If you like “Reno 911!” on Comedy Central, you won’t like it as much in the theater. Sorry. Like so many hilarious unscripted shows that take a trip to the big screen, the writers attempt to include a plot. They should know the lack of plot is what makes the TV version so hilarious. On television there are no stakes, just stupid deputies committing more crimes than they solve.

“Reno 911! Miami”often feels forced, and some of the jokes are just not funny. The jokes frequently fall flat because the movie steers away from the television show’s common themes. Audiences love watching Lt. Dangle’s (Thomas Lennon) homosexuality tangle with Deputy Trudy Weigel’s (Kerry Kenney-Silver) loneliness. People are in stitches as Deputy Garcia (Carlos Alazraqui) torments Deputy Jones (Cedric Yarbrough) with racist comments and often ends up being physically harmed as a result. 

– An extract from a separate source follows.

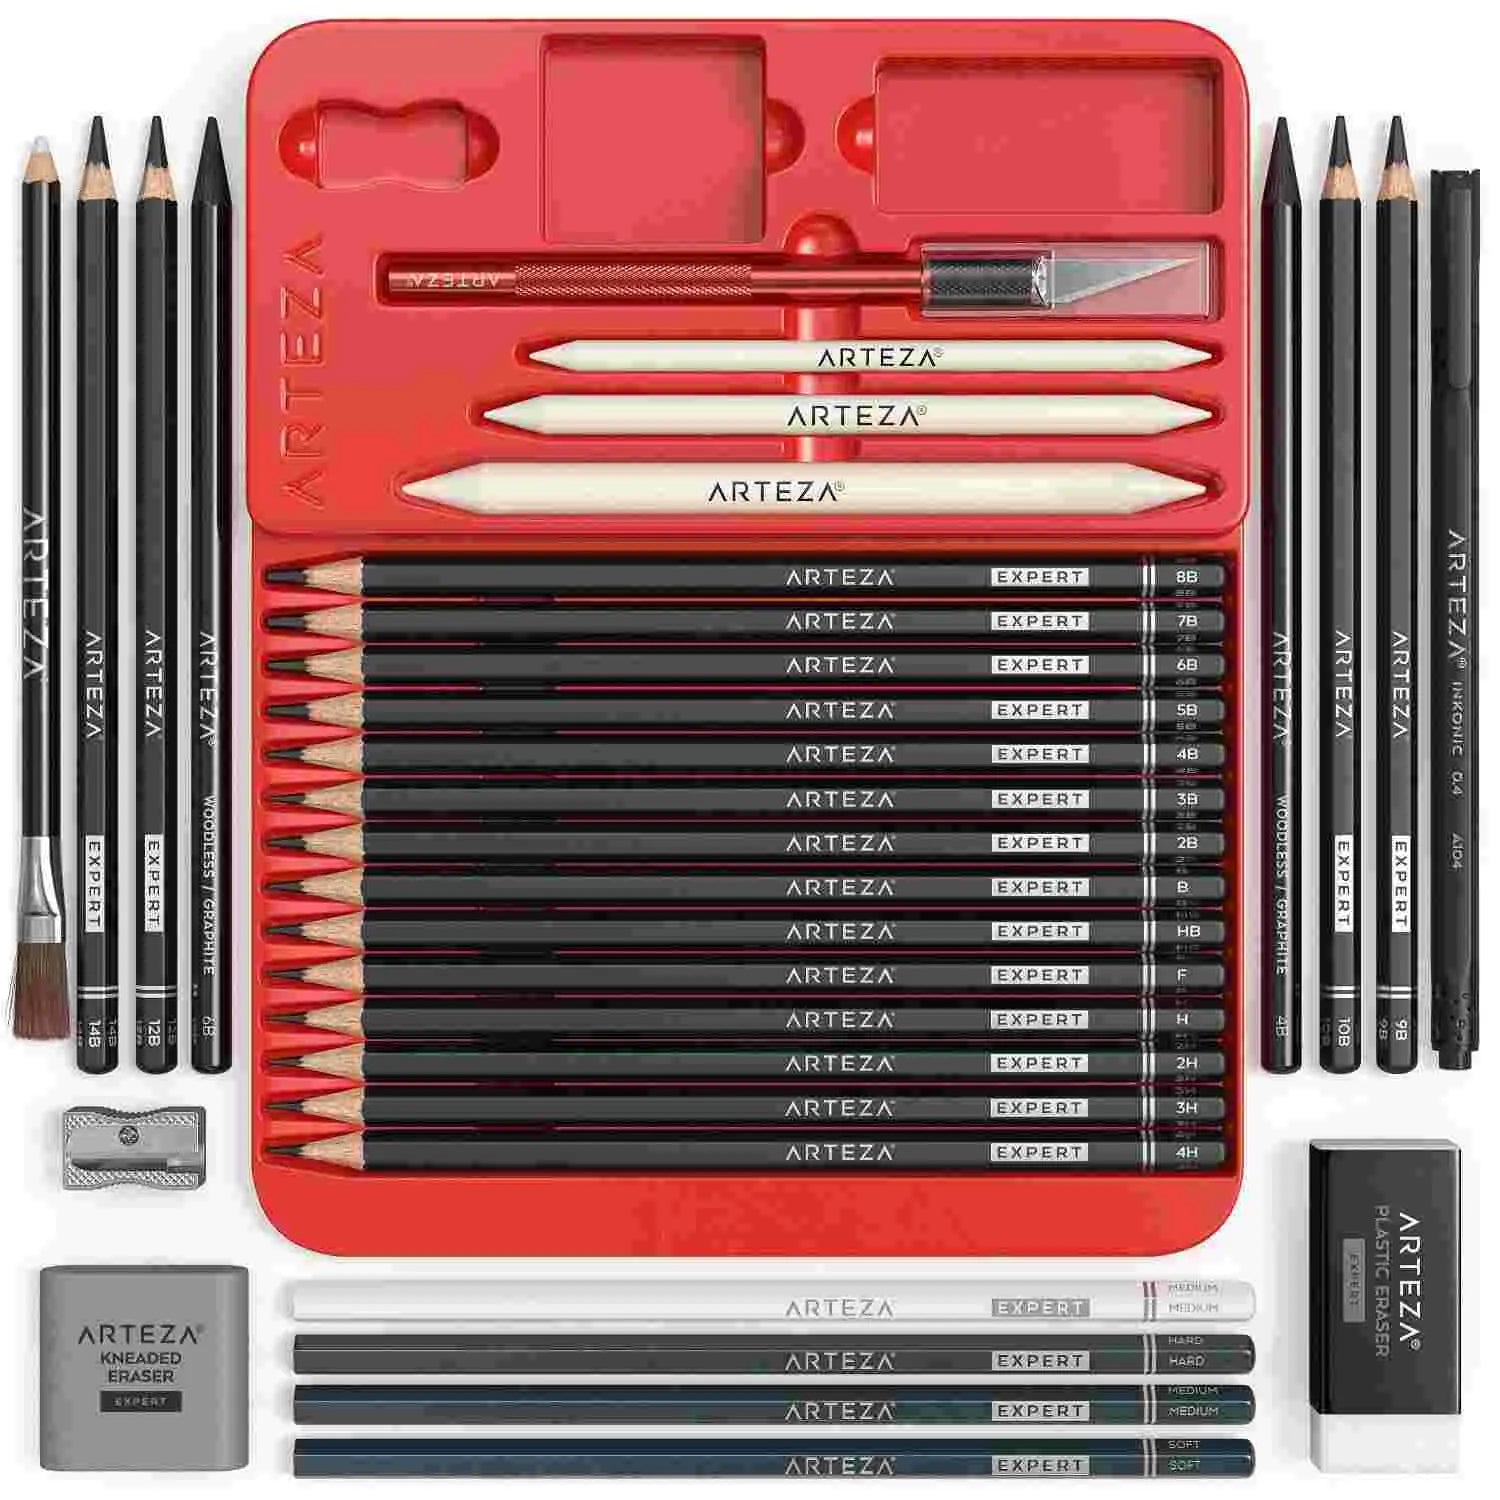 Arteza Drawing Set for Adults, Set of 33 Artist Sketching Tools, 20 Graphite & 4 Charcoal Sketch Pencils, 1 Fineliner, 3 Blenders, 1 Sharpener, 3 Erasers & 1 Hobby Knife, Art Supplies for Drawing Arteza

Unfortunately, in the movie Weigel and Dangle take their odd relationship farther than ever before, and it is surprisingly disappointing, while Jones and Garcia hardly engage in a single racist tryst. 

Much of the plot revolves around the policemen trapped in a virus-infected building, with the search for an antidote at the top of the to-do list. Drug dealers, the FBI, The Rock and Danny DeVito also find their way into the movie. But that is the problem. If the viewer is a true connoisseur of “Reno 911!” they will know the movie doesn’t need all those people — it only needs the deputies and some fake criminals. It does have nudity and sex, but it tends to distract the audience and takes away from the characters’ funny reactions.

If you love the pure ridiculousness of the television show when the actors play the parts of both the officers and the criminals, you’ll be disappointed. Furthermore, if you love the vileness and strangeness of the crimes committed in Reno, you’ll be disappointed. And if you love the classic stupidity and shoddy police work, you will be disappointed again. On the other hand, if you love bad theater adaptations of television shows that obviously sacrificed film time for explosions and crashing cars, you’re in luck.

Despite all that, it is a funny movie at times and will give you lines to quote for the rest of the week.